Results of the ACCESS 2 study, evaluating arteriovenous fistula (AVF) outcomes following use of the Sirogen (Vascular Therapies) sirolimus-eluting collagen implant, have shown that the device failed to meet non-inferiority for clinical fistula maturation compared to control at six months.
Nicholas Inston (Birmingham, United Kingdom) delivered the results in a podium-first presentation during yesterday morning’s vascular access masterclass—where he commented that the trial’s failure to meet its primary endpoint may be attributable to the overperformance of the standard of care arm against expectations.
Sirogen was developed as a means of intraoperative local, perivascular drug delivery at the time of index AVF surgery to improve outcomes in patients requiring an AVF. The device consists of a sirolimus and collagen matrix for targeted local drug delivery, which is bioabsorbable within 12 weeks.
Despite an earlier randomised prospective multicentre study—ACCESS—showing no statistical difference between Sirogen and controls in prespecified endpoints, post-hoc analysis from the trial showed improved fistula maturation and secondary patency in patients with end-stage renal disease aged ≥65 years.
Investigators went on to initiate the ACCESS 2 study to validate these findings and further evaluate the effectiveness of Sirogen to improve outcomes in patients requiring an AVF. The multicentre randomised study enrolled 136 patients across 17 centres in the United States and the United Kingdom, with a primary endpoint of fistula maturation at six months.
Inston reported that 66.8% of patients in ACCESS 2’s Sirogen arm achieved clinical fistula maturation compared to 63.2% in the control—representing a 3.6% point improvement—but falling short of the 18% point improvement goal set for the trial. Comparing against past studies, Inston said that Sirogen performed largely in line with previously observed results, but the performance of the control arm versus historical benchmarks ultimately tipped the dial towards primary endpoint failure.

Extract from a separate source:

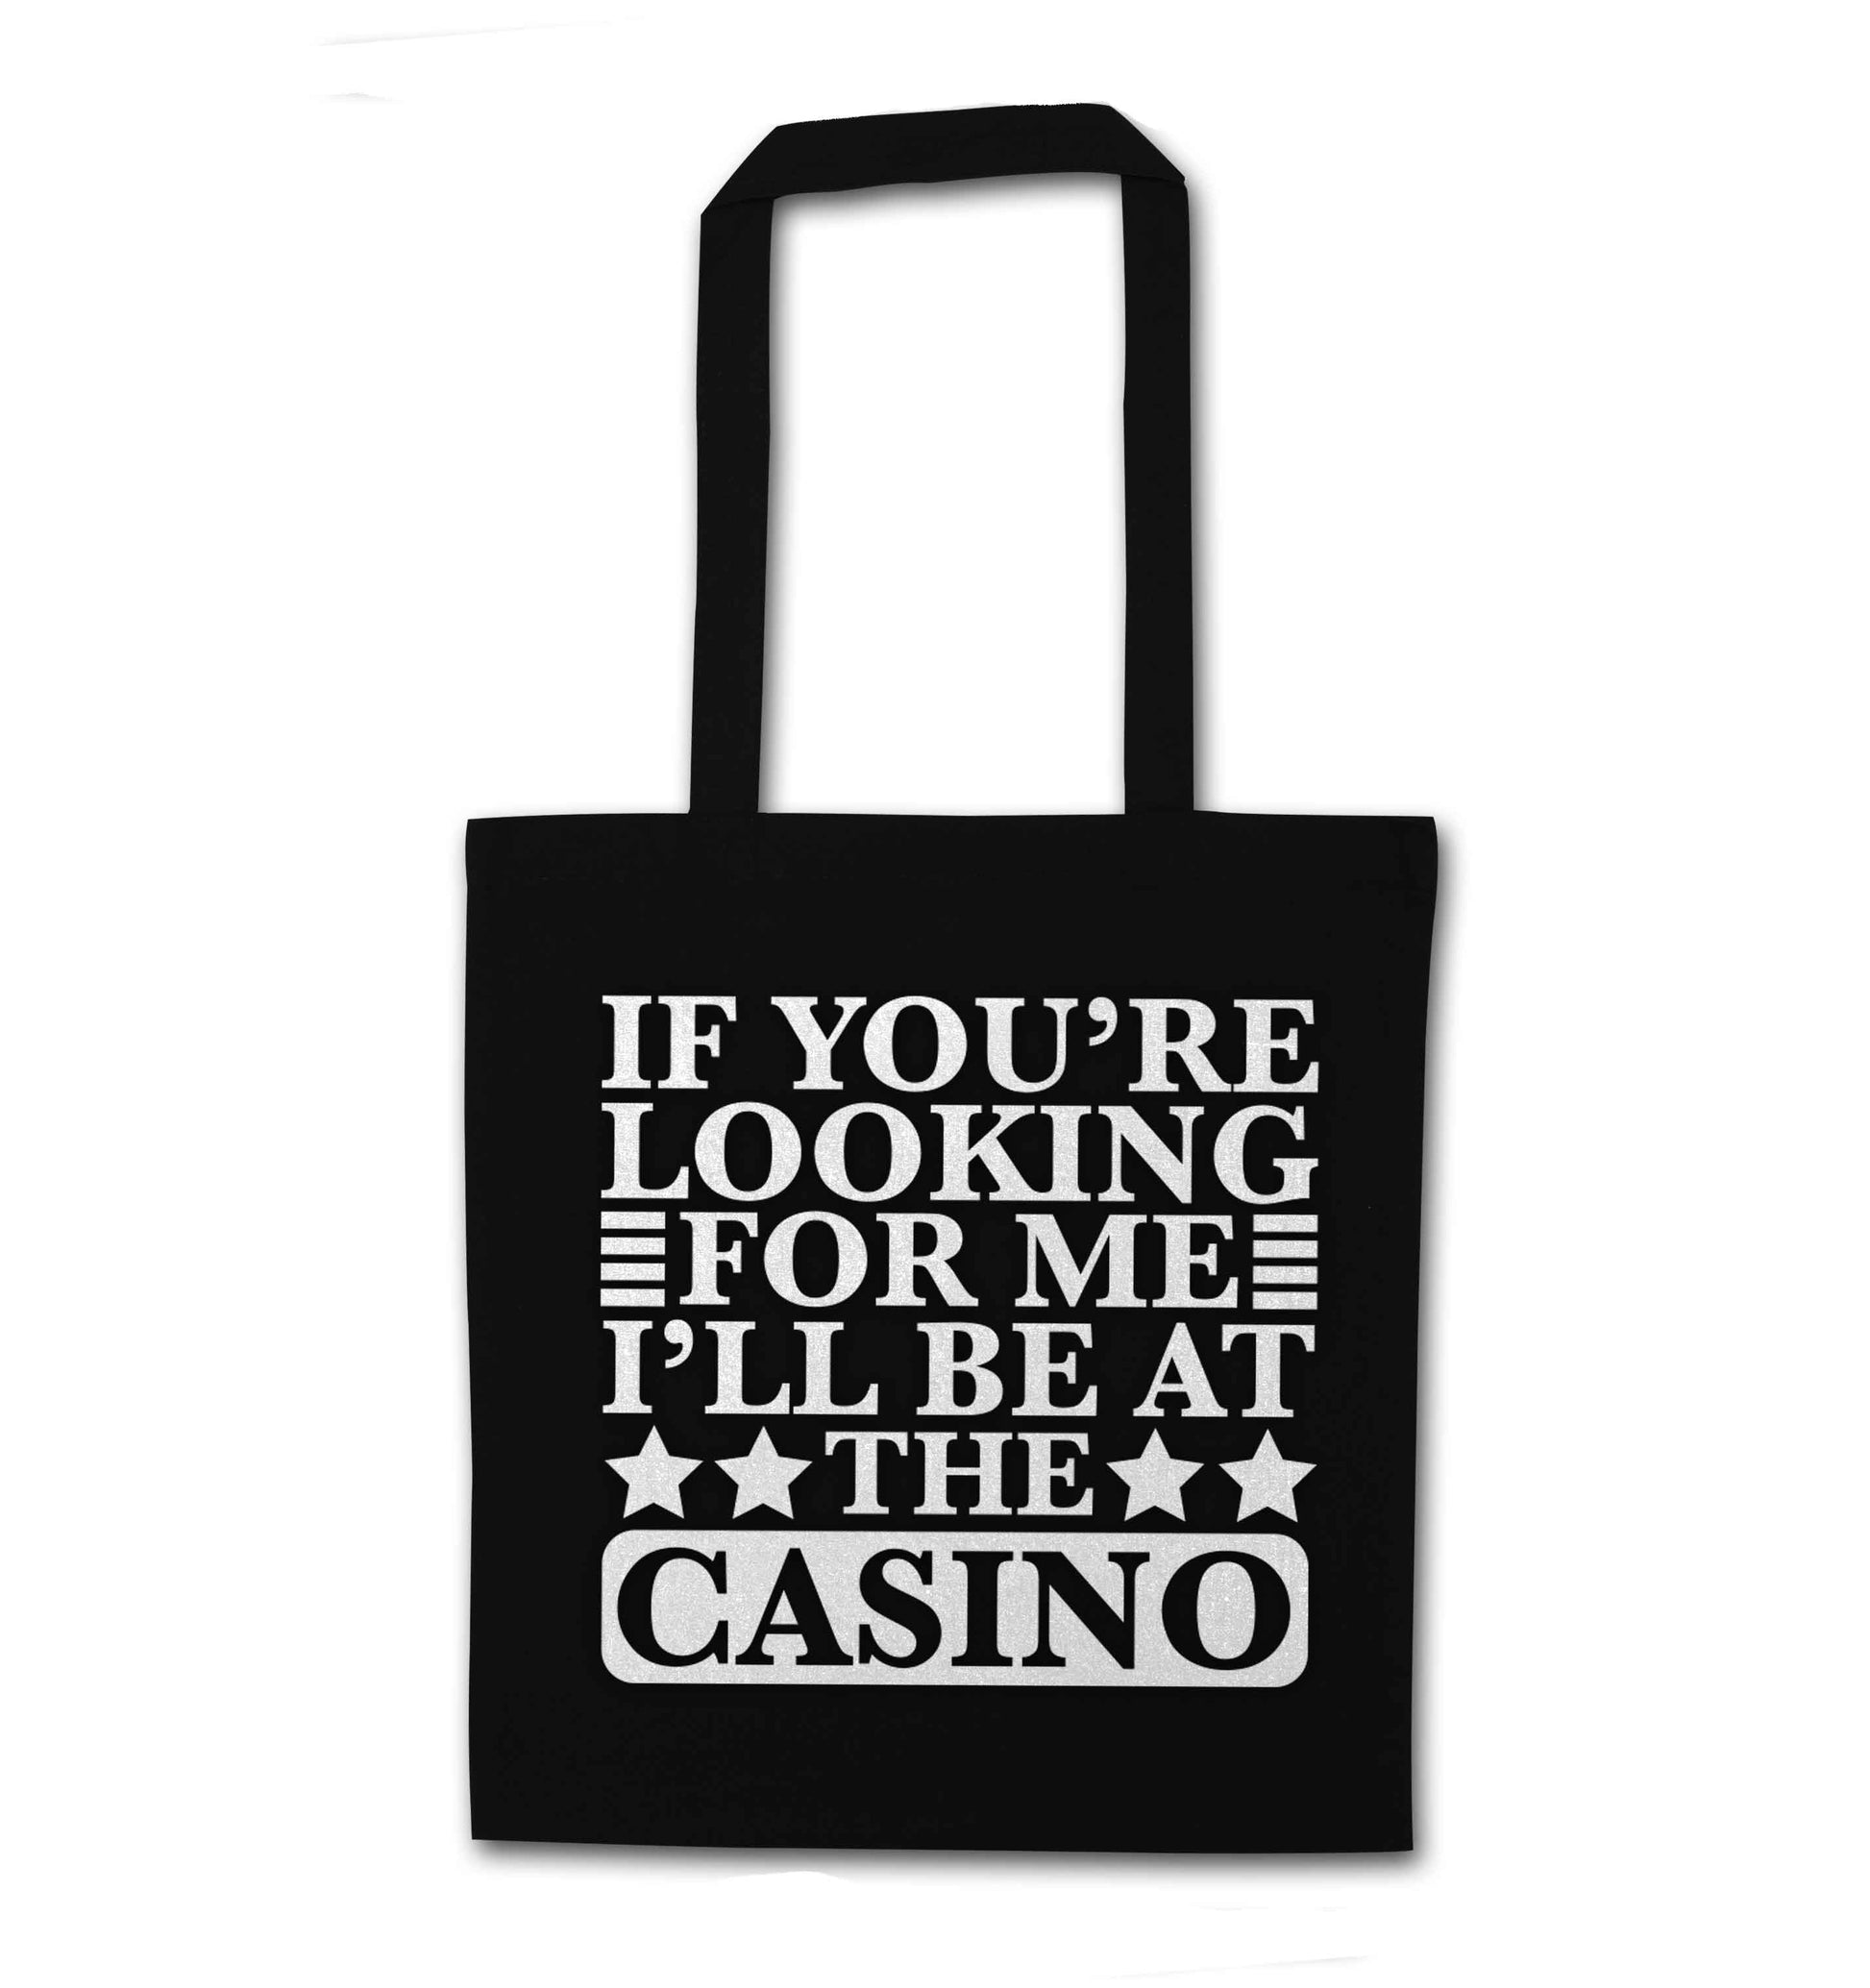 If you're looking for me I'll be at the casino black tote bag
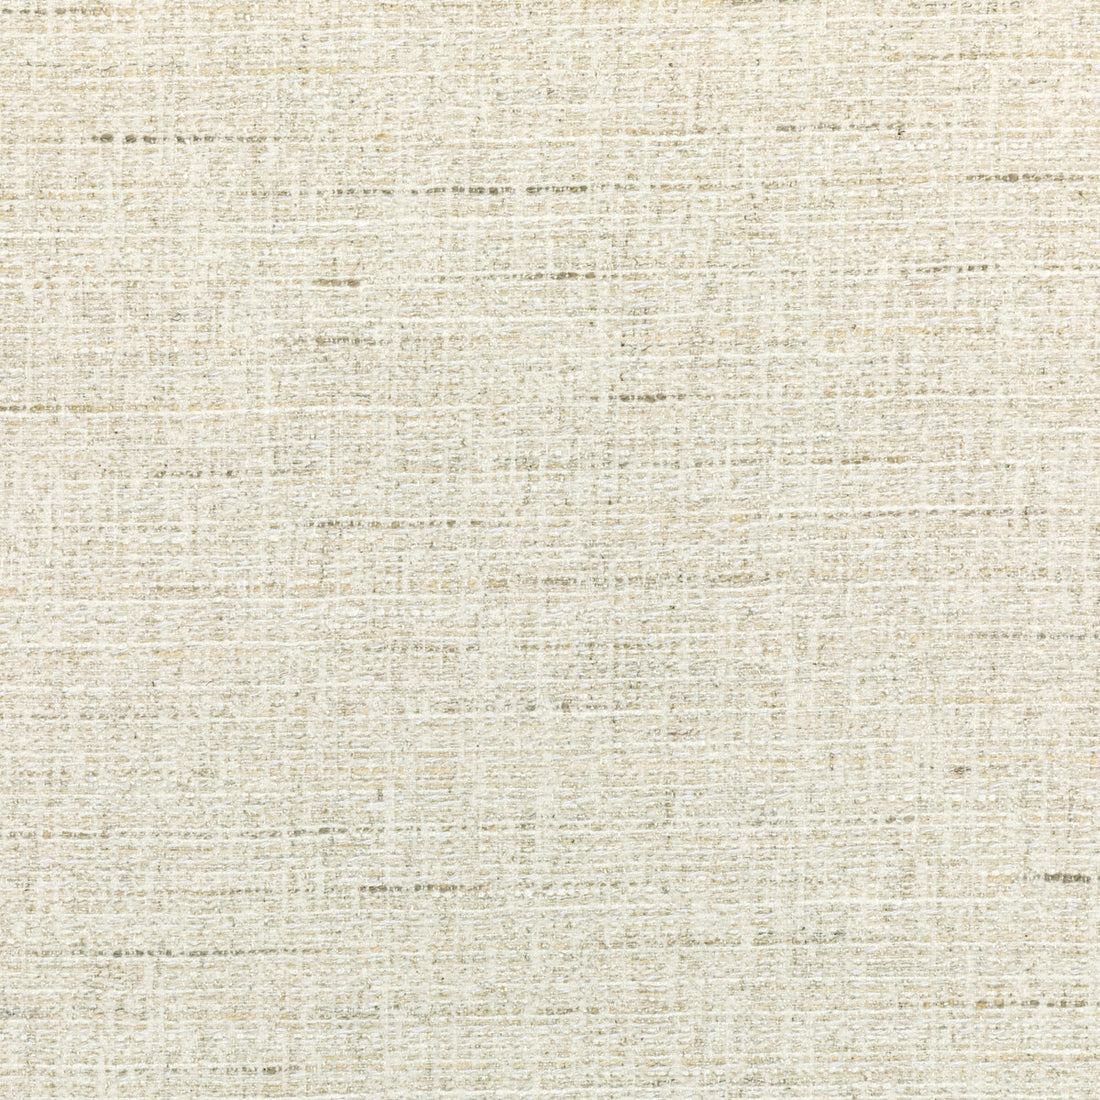 Kravet Couture fabric in 36602-16 color - pattern 36602.16.0 - by Kravet Couture in the Mabley Handler collection

“Unfortunately, we failed to meet the primary endpoint here and it is really due to this freaky outcome from the control group rather than anything else,” Inston said. “It is quite reassuring that the sirolimus group has performed as it has in all the other studies.”
Trial participants saw a 10-day mean time to functional maturation improvement; however, Inston said that a study involving thousands of patients would be required to study this outcome properly.
The trial remains blinded, with 12-month secondary endpoint data collection still in progress, and secondary endpoints, which include time to first dialysis, fistula suitability for dialysis and secondary patency, may provide additional important insights, according to Inston. “I think these might actually be more important than this simple primary endpoint. There will be number of interventions raised to get there, how will these be done, what type of interventions are required to keep this group going,” he explained.